2022 World Cup: What It Means


America is great. The United States is the proper way to say “excellent,” except in the luscious realm of football. Again, we Americans aren’t exceptional, let alone excellent, when it comes to football, so at least not on the men’s side. Our national team was ranked a modest 16th by FIFA.

Our youngsters were in a 1-1 draw against Wales on Monday. It’s the first of a four-year tournament that the United States has never won (yet?). Brazil has won her five times, Germany and Italy four times each, Argentina, France and Uruguay twice each, and England and Spain once each. We’re still stuck with bupkis, is this our year?

“When the Ford F-450 flies,” the rest of the world sneers.

If we’re going to shock the world of football, those of us watching at home, or considering it, should at least understand what we’re hearing and seeing. We hope you find our glossary of World Cup and general football terms useful.

Group stage: First, teams are divided into eight groups of four in a round-robin fashion, with the top two players from each group advancing. Think of this as tracking divisional standings in baseball with only slightly less ripping on White’s socks.

Knockout stage: This is the final 16 win-loss bracket and the only time fistfights are allowed. Remember when someone who didn’t know anything told you not to use your hands in soccer?

Stop time: After 90 minutes where no one normally scores, another 3-4 minutes with no goals scored.

Extended time: It’s basically overtime, but it only happens in the knockout stage, not in sudden death.
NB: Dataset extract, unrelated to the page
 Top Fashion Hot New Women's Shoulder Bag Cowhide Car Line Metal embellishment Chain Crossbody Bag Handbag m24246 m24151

These were his most excruciating 30 minutes in football, aside from the “Beard After Hours” episode of “Ted Lasso.”

A textbook example of selling a foul.

A textbook example of selling a foul.

Benjamin Kremer/AFP via Getty Images

Sudden death: This is when a player throws their body to the ground as if they were knocked down by a howitzer blast, with little or no calf eaten.

Penalty Kick: Tense and sometimes brutal, it remains the punishment given to players who fail to catch an opponent pinning a “kick me” sign on the back of their shorts.
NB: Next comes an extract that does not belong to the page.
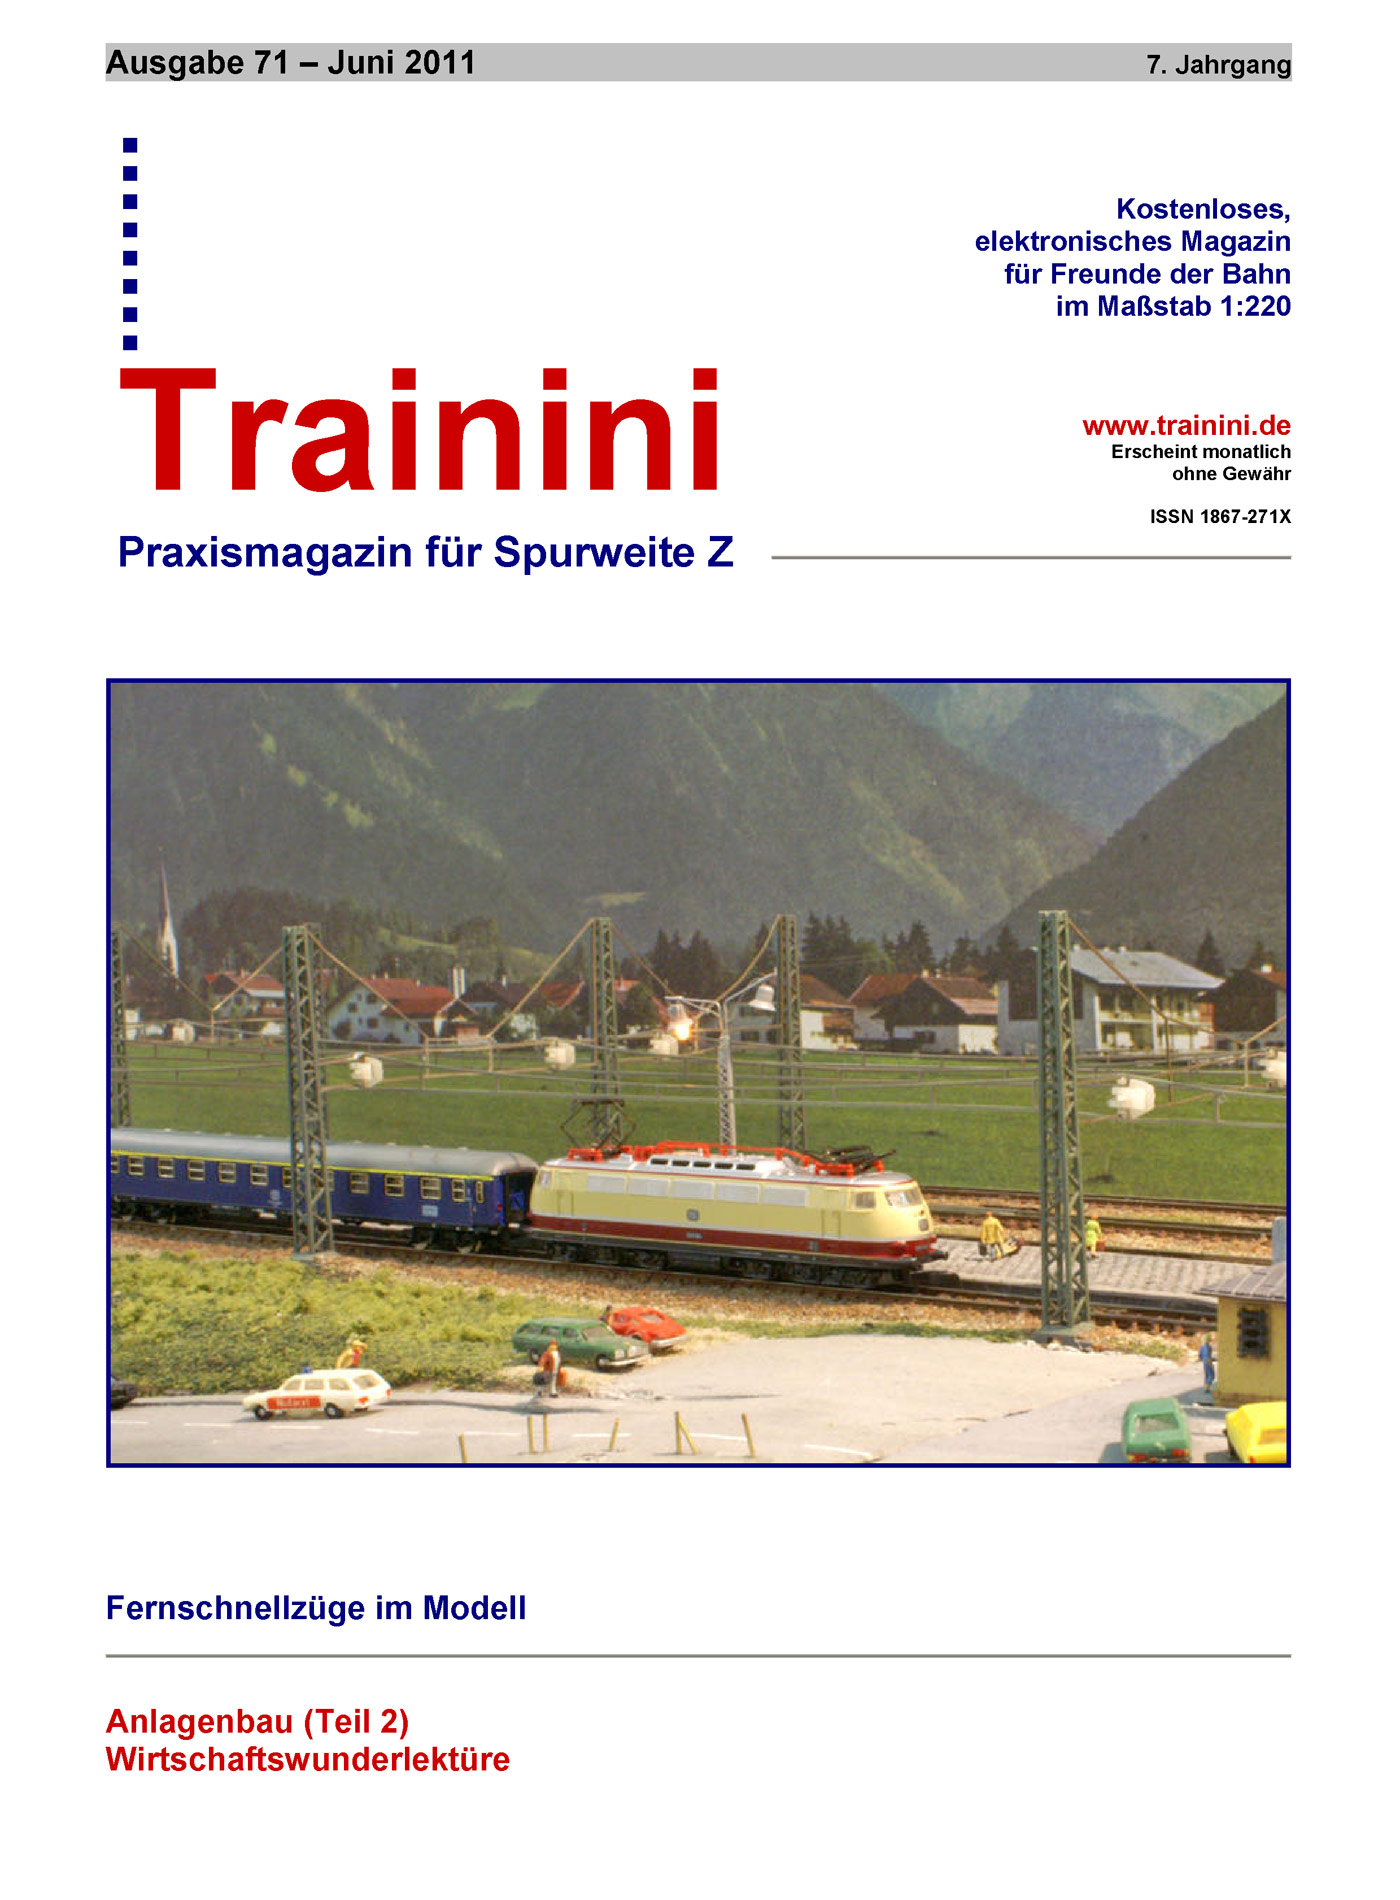 Trainini Ausgabe Juni 2011

Admit: It’s just a fancy word for giving up on your goals and what you don’t do when you lose an election.

Goalpost: A netminder (often a very tall man in gloves and a weird shirt) posted an Instagram photo or tweet[送信]The problem occurs when I press .
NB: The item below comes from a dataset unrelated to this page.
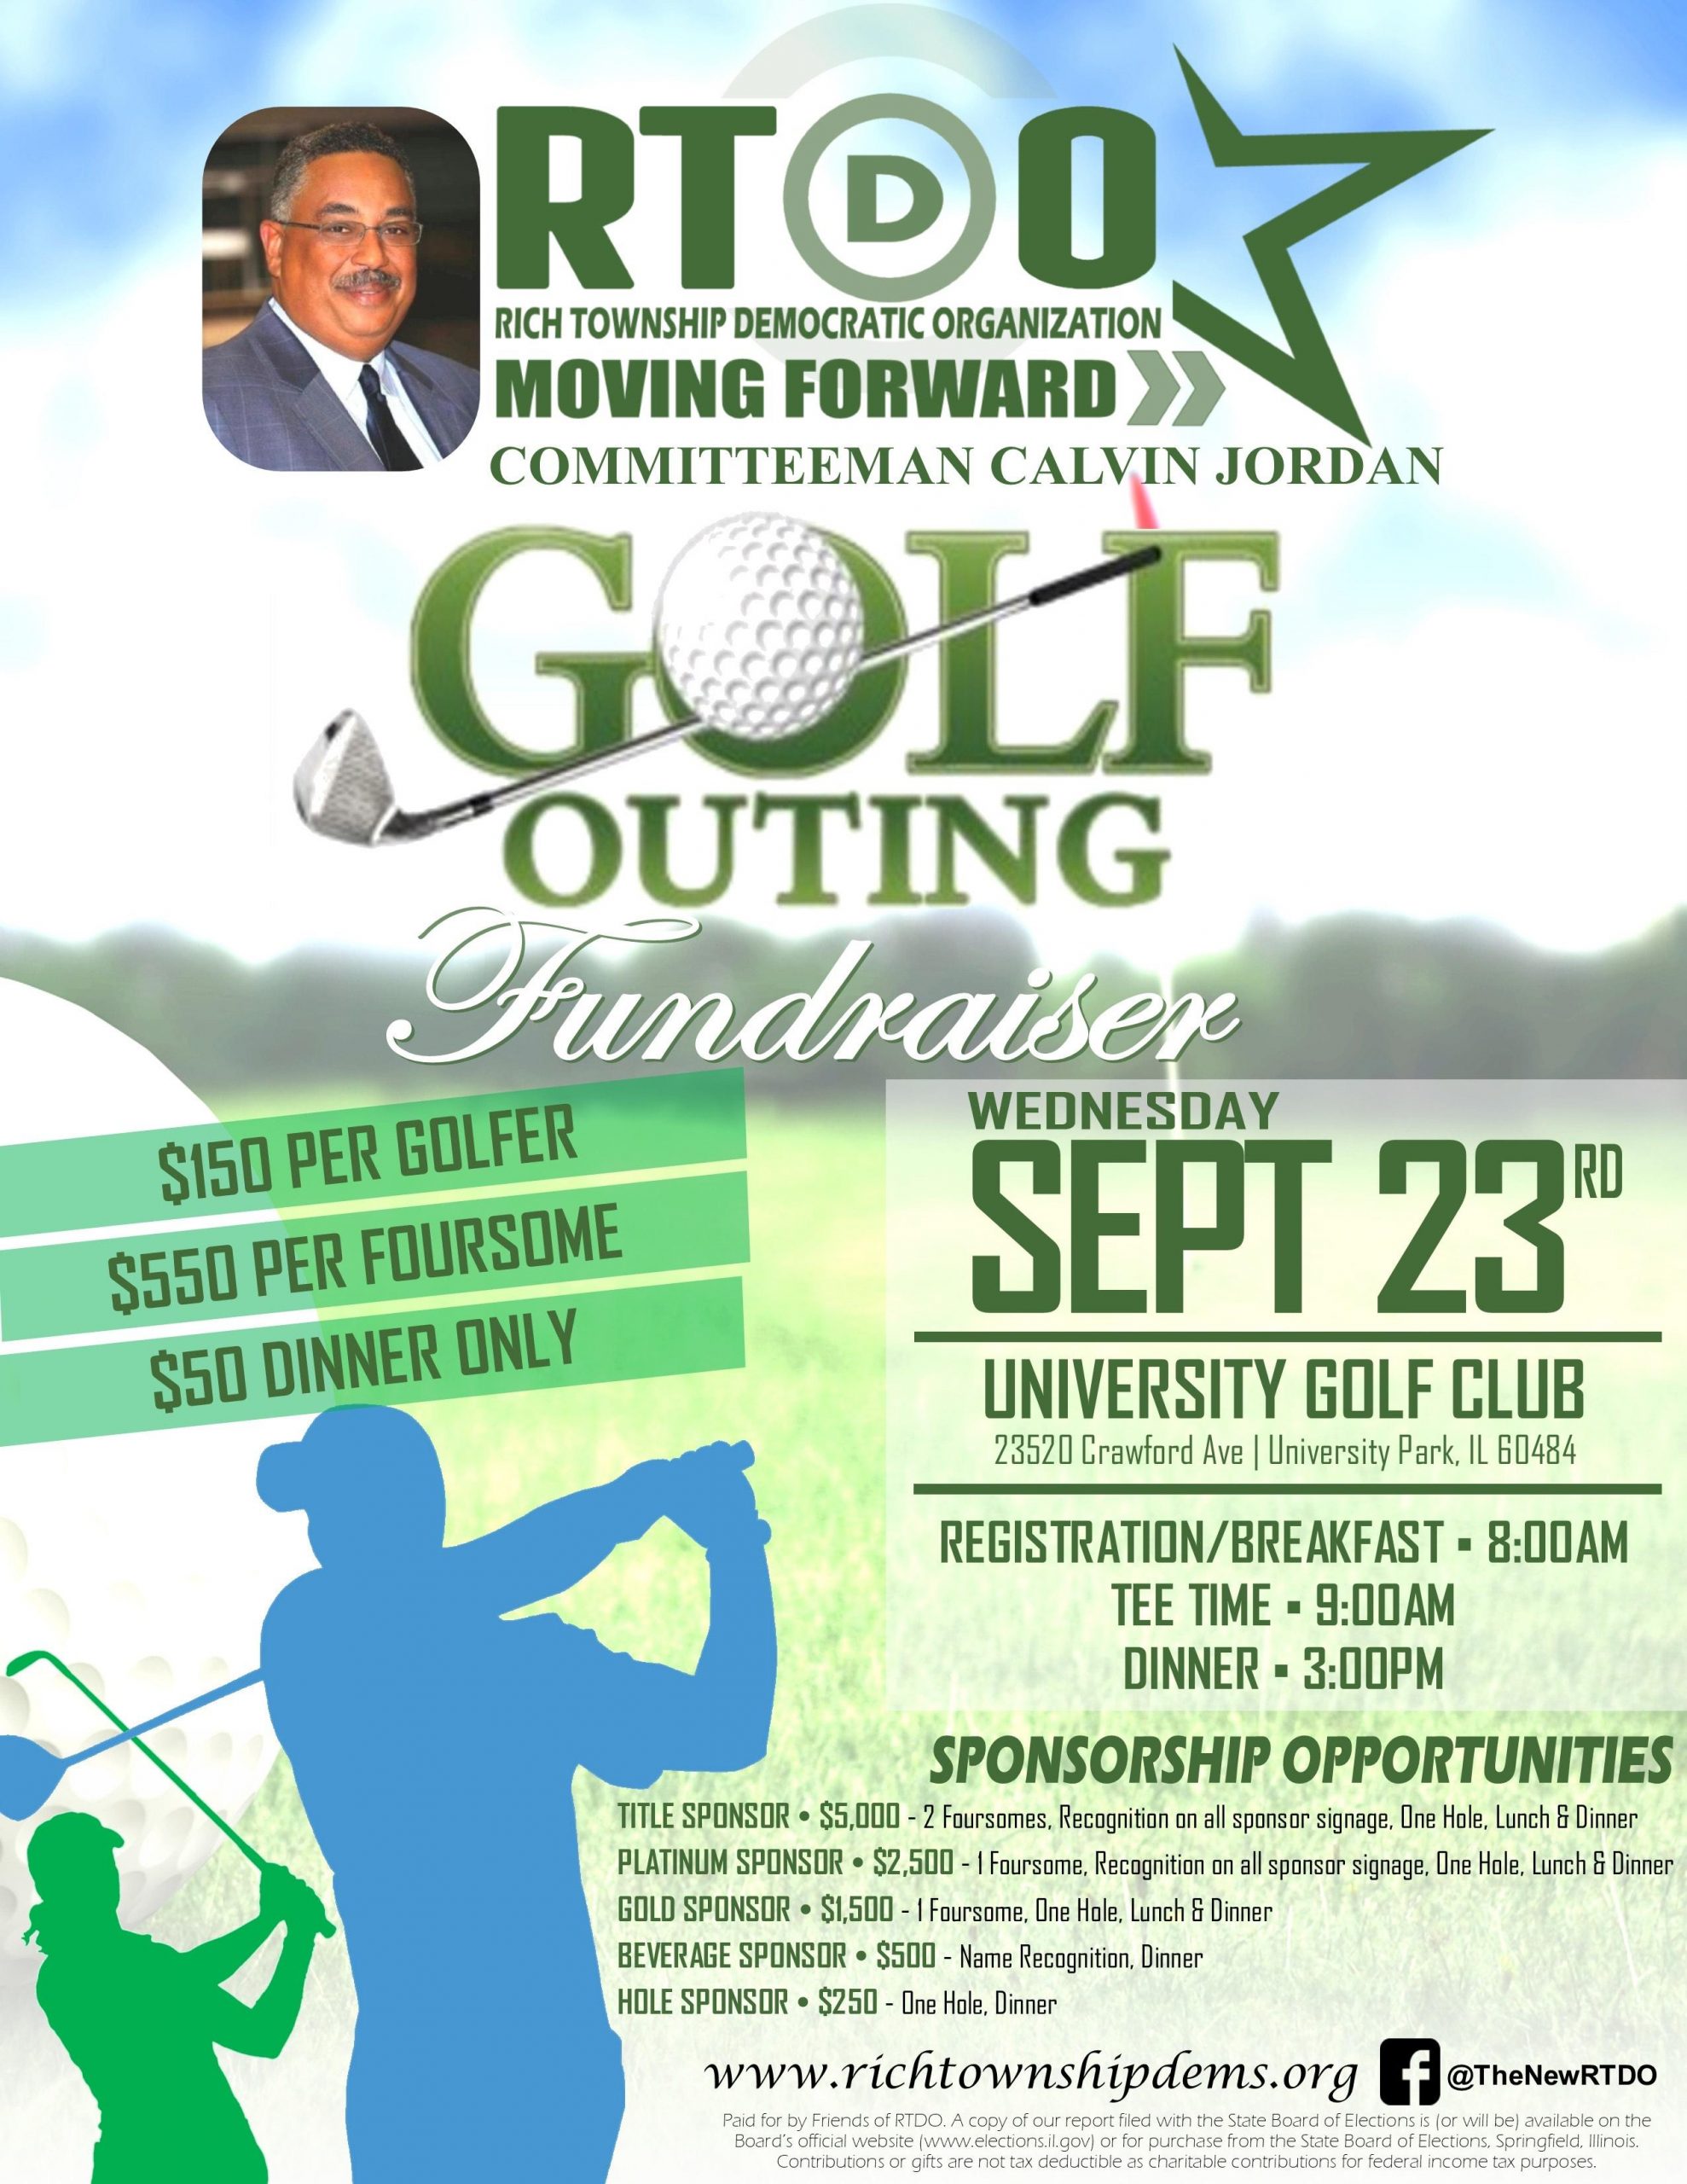 2020 Golf Outing - Rich Township Democratic Organization

Referee: This is someone who runs around the field with the players in a theater display, gives a warning look, spitefully issues harsh orders, and pauses only to write an entry in some sort of private journal.

Assistant Referee: They have one duty: to raise a little flag over their heads whenever something too exciting is about to happen.

Offside again? Come on man.

Offside again? Come on man.

Luis Acosta/AFP via Getty Images

Offside: This is when the attacking player is in the opponent’s half of the field and behind the defense before passing the ball.

yellow card: It’s very similar to a personal foul in soccer, with no 15-yard penalty and a huge amount of effort required.

Red card: Getting one of these will force the team to take down a man for the rest of the game. is.

Tackle: This is one of the beauties of the game, as players slide cleanly to pull the ball away from their opponents. However, if someone gets too good, Ryan Poles will immediately try to trade him.

“What a ball!” This is what someone in your middle shouts whenever a player makes a particularly good pass.

“What a pass!” This is what someone in you who pretends to know football will shout every time a player delivers a particularly good ball.

VARs: Football instant replay system is known by this acronym. This stands for Video Assistant Referee. You get a separate score for the funniest robots than the men and women working, right?

Set piece: This is the name of an anti-climax kick that wastes a lot of time before players from both teams push, push, and randomly jockey for positions in front of goal.

handball: It is never a good idea when one of the players carelessly allows the ball to stray from any part of his outstretched arm. But enough about Bears receivers.

Golden Boots: The World Cup’s top goalscorers receive this coveted award, the holy grail for all greats. Alas, the U.S. has never won the boot either. This is the definition of “expired”.


What do you think?

Written by Natalia Chi

Chicago Popular; Chicago breaking news, weather and live video. Covering local politics, health, traffic and sports for Chicago, the suburbs and northwest Indiana.